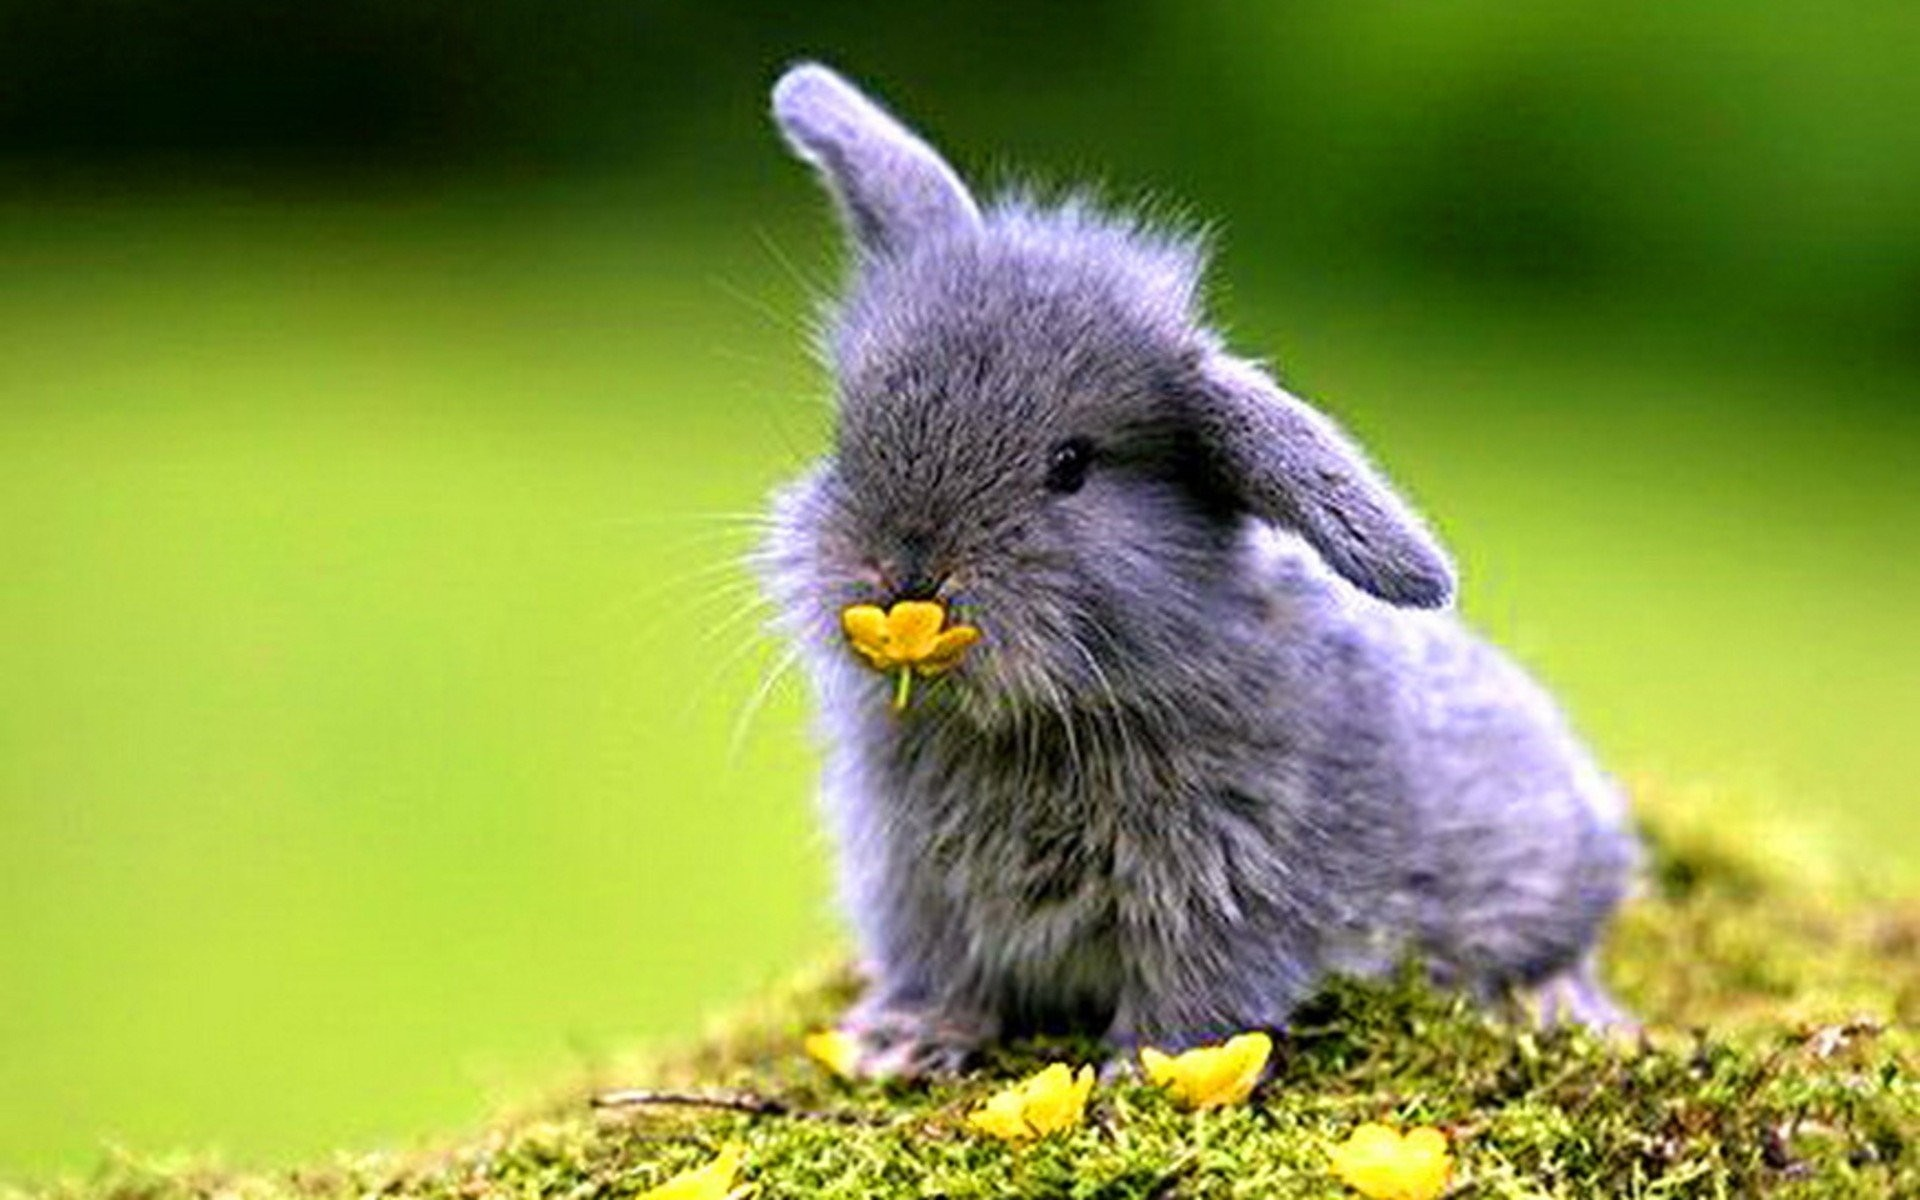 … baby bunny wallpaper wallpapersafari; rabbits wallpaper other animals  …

---*---

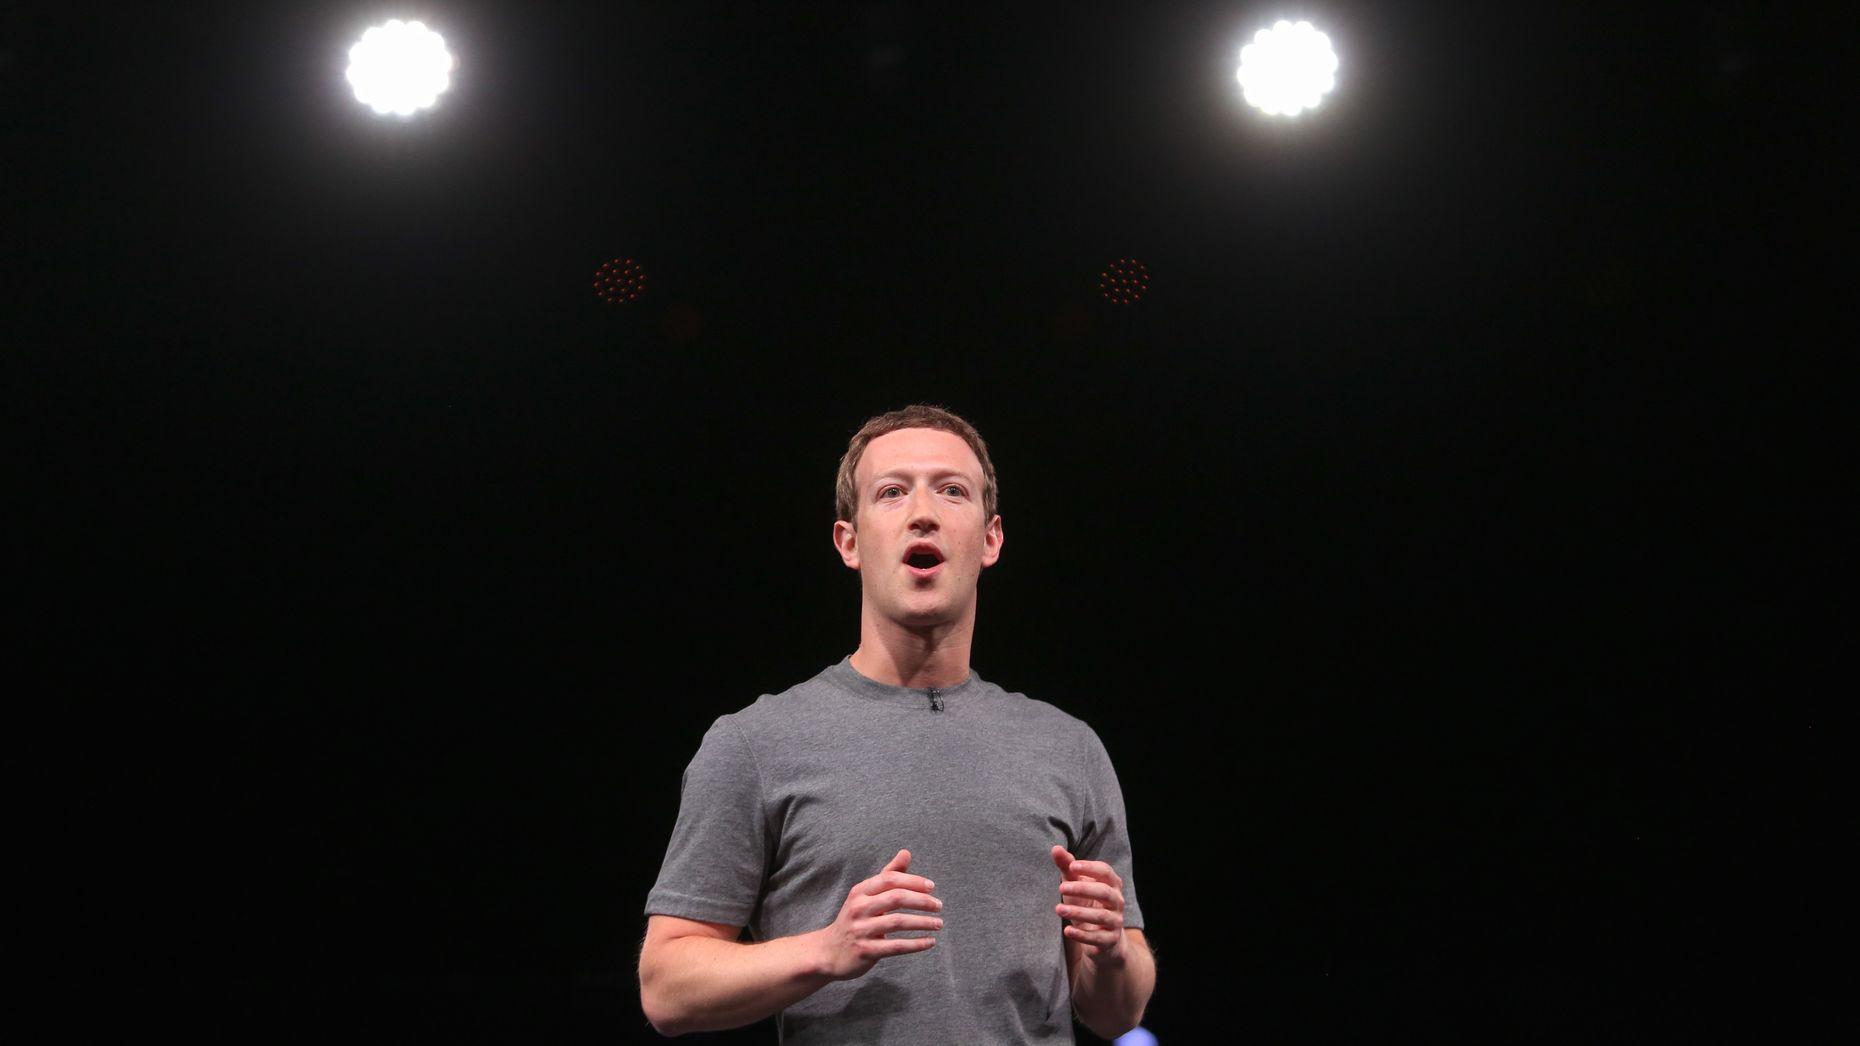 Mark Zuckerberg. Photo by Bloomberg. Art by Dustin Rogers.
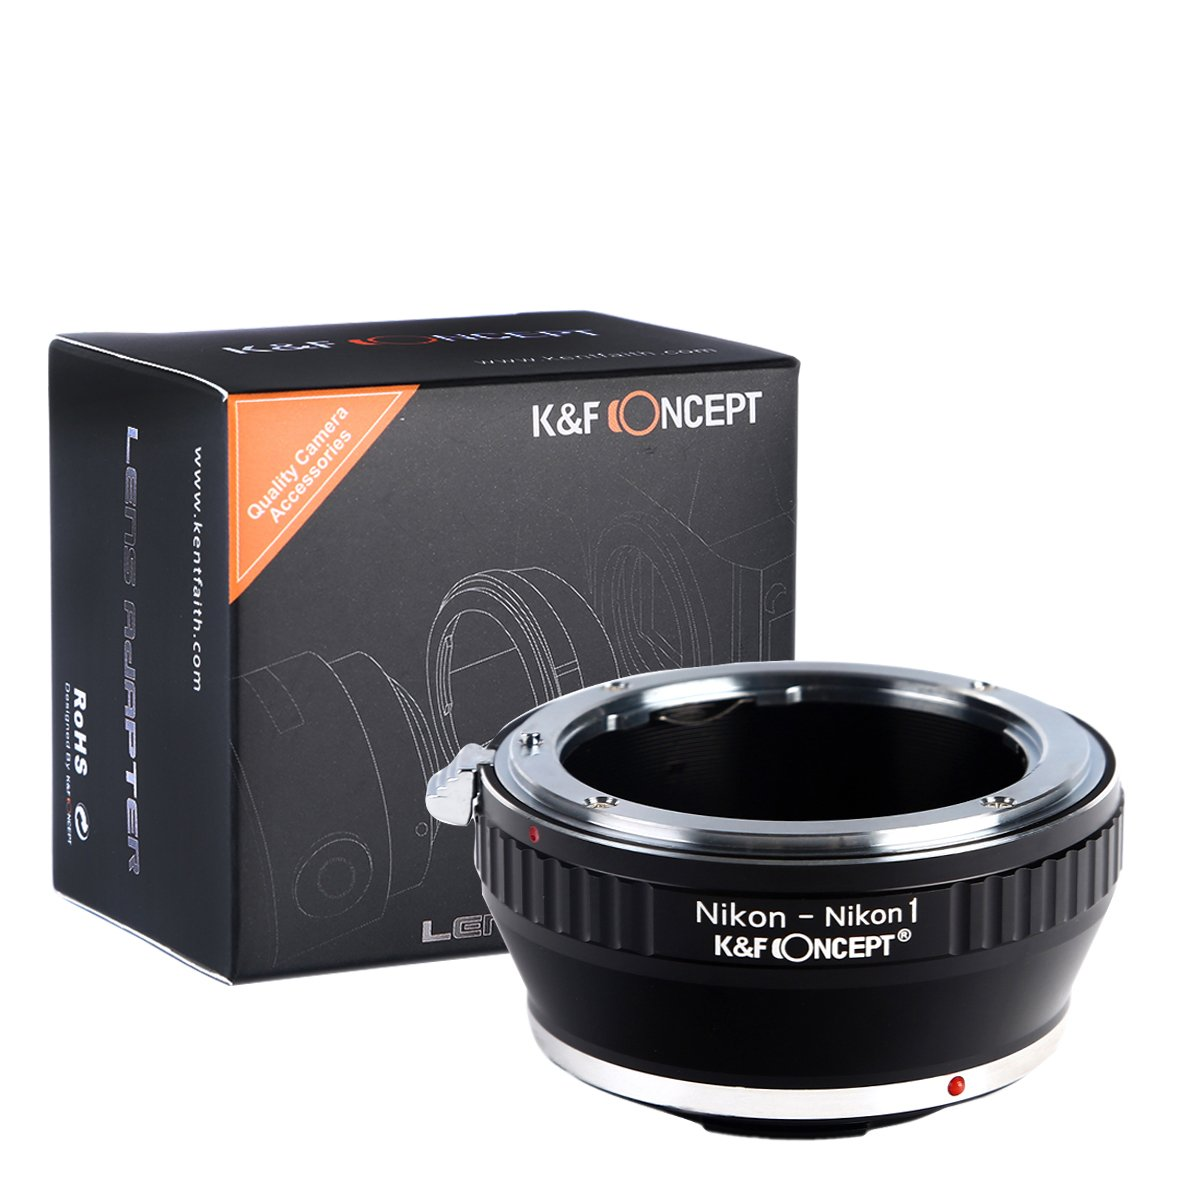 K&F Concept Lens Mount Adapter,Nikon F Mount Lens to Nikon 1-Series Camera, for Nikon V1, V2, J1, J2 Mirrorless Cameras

---*---

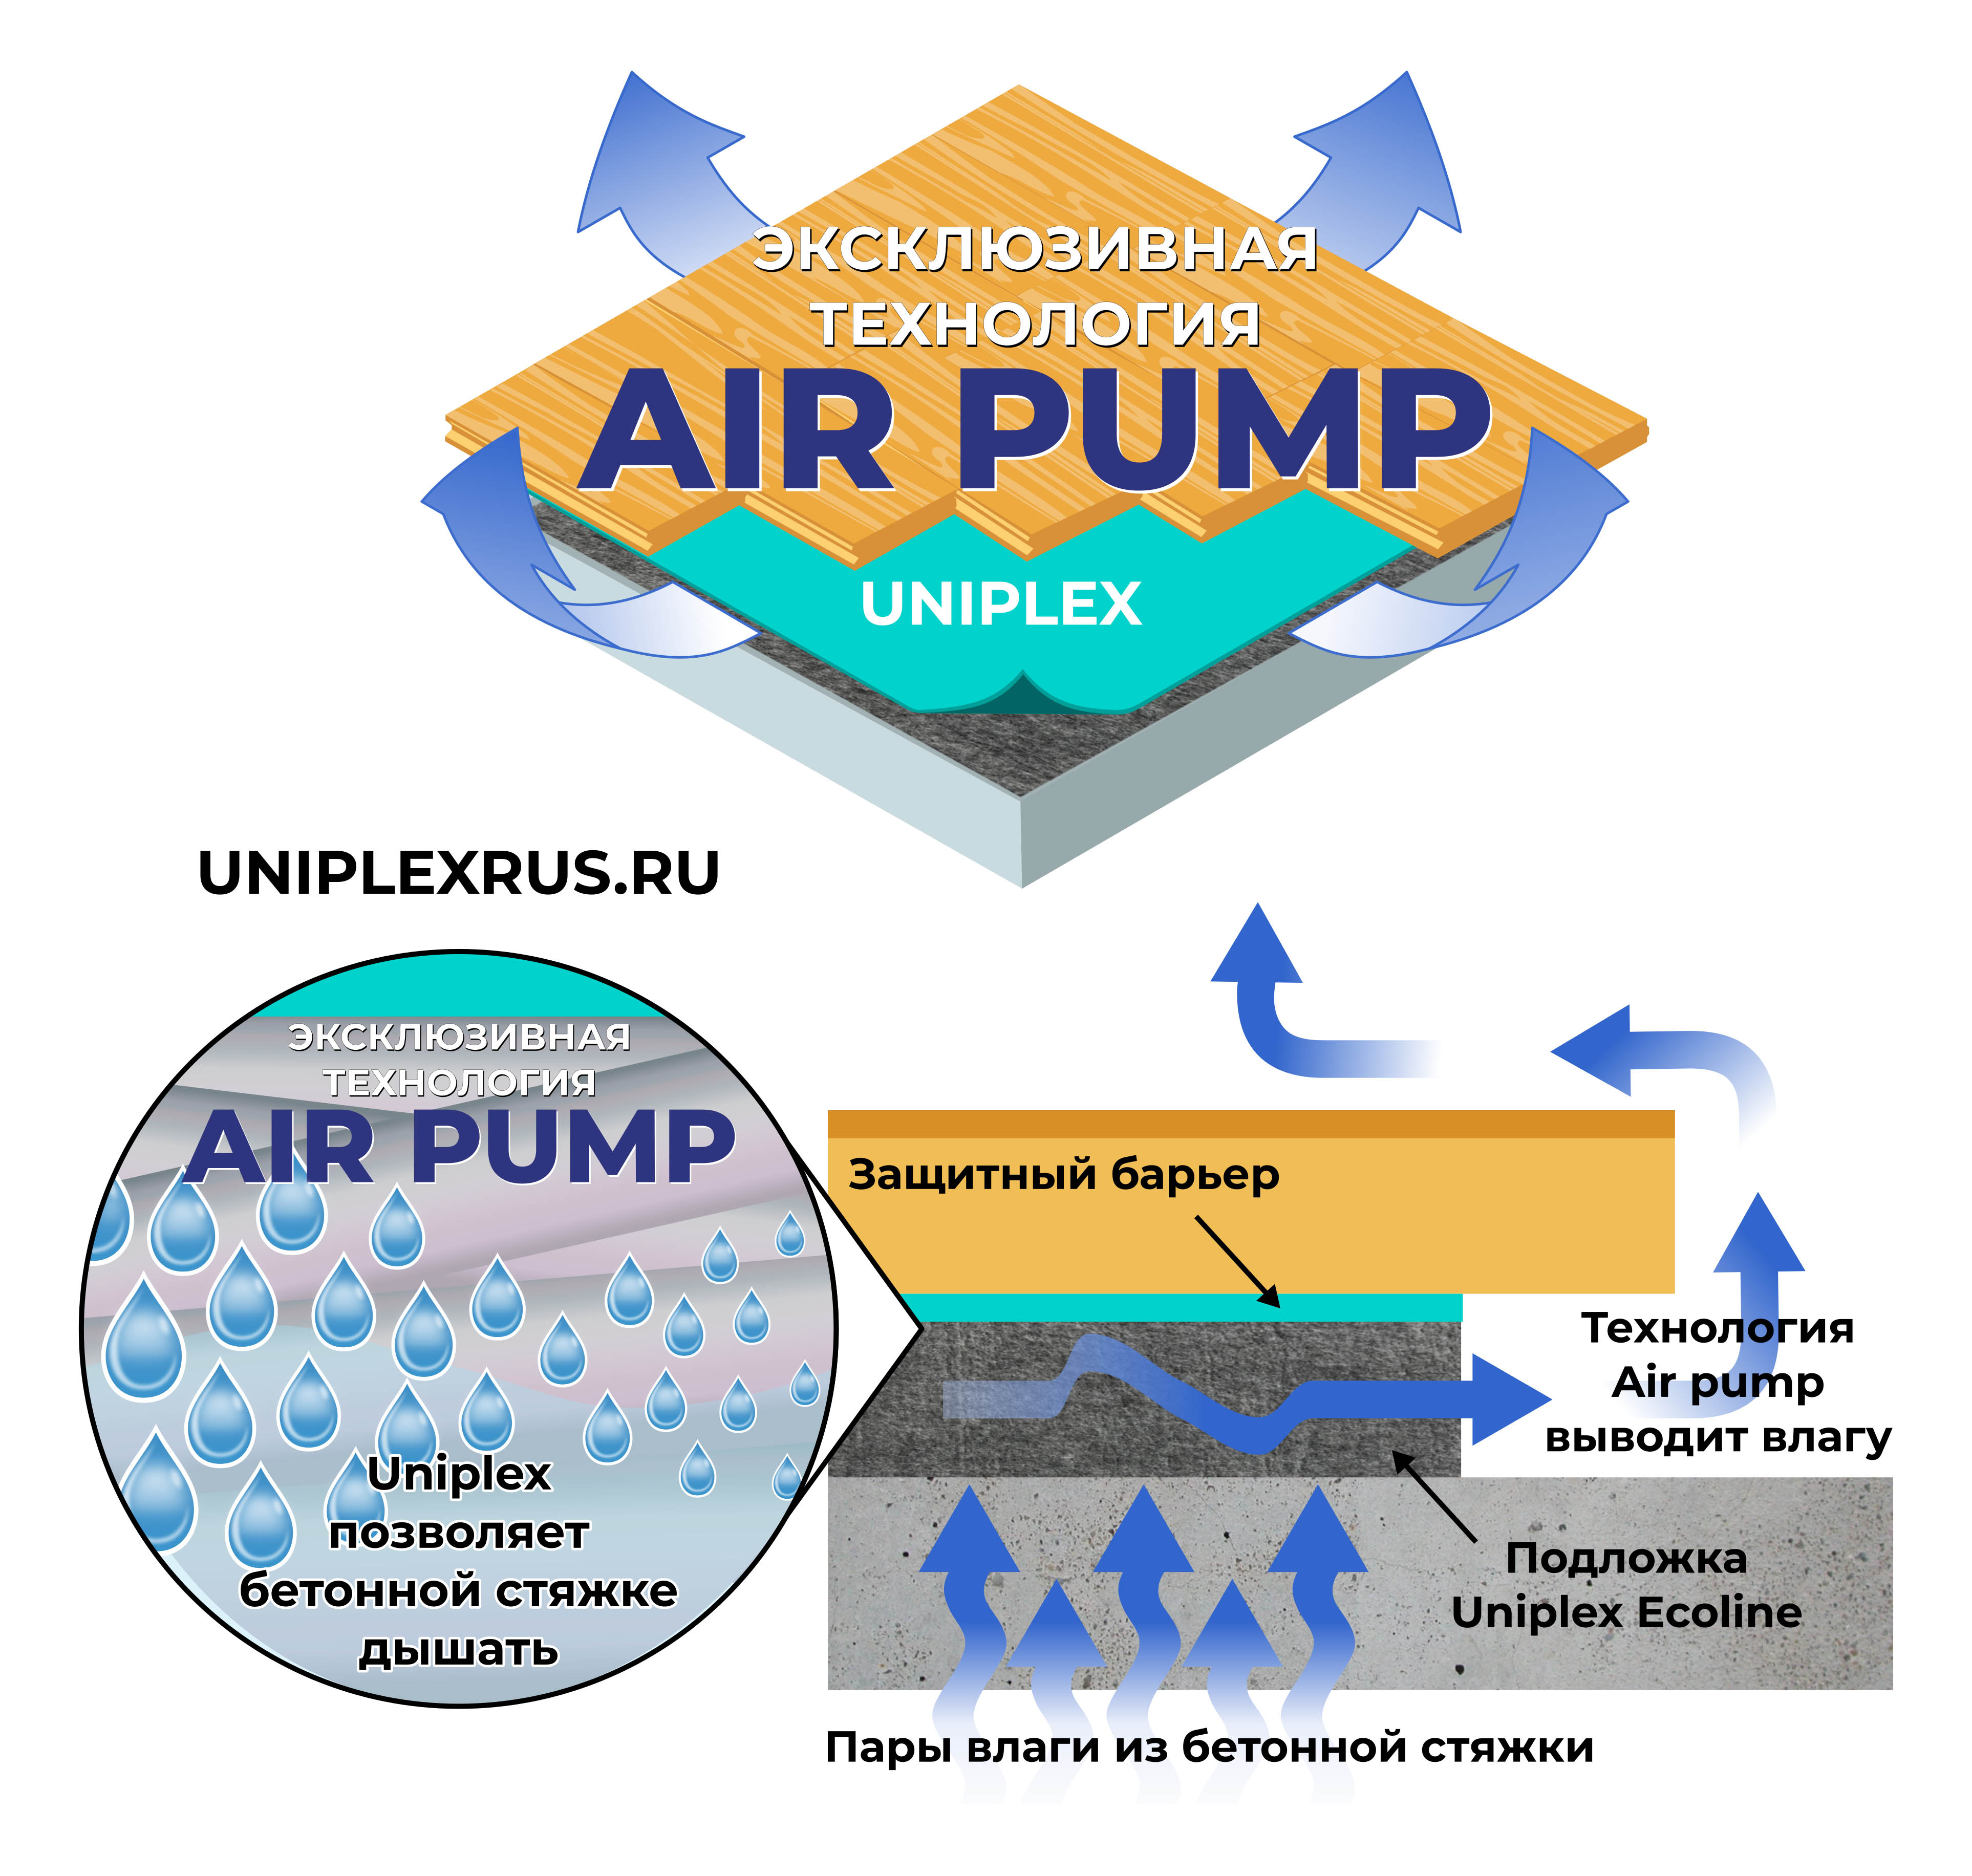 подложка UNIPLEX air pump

---*---

> **Exercise details**
Output exactly the lines of the listing above that start with the one holding "Mark Zuckerberg. Photo" and go on through the one holding "K&F Concept Lens"; leave the pictures out.

> **The completed task**
 Mark Zuckerberg. Photo by Bloomberg. Art by Dustin Rogers.
 K&F Concept Lens Mount Adapter,Nikon F Mount Lens to Nikon 1-Series Camera, for Nikon V1, V2, J1, J2 Mirrorless Cameras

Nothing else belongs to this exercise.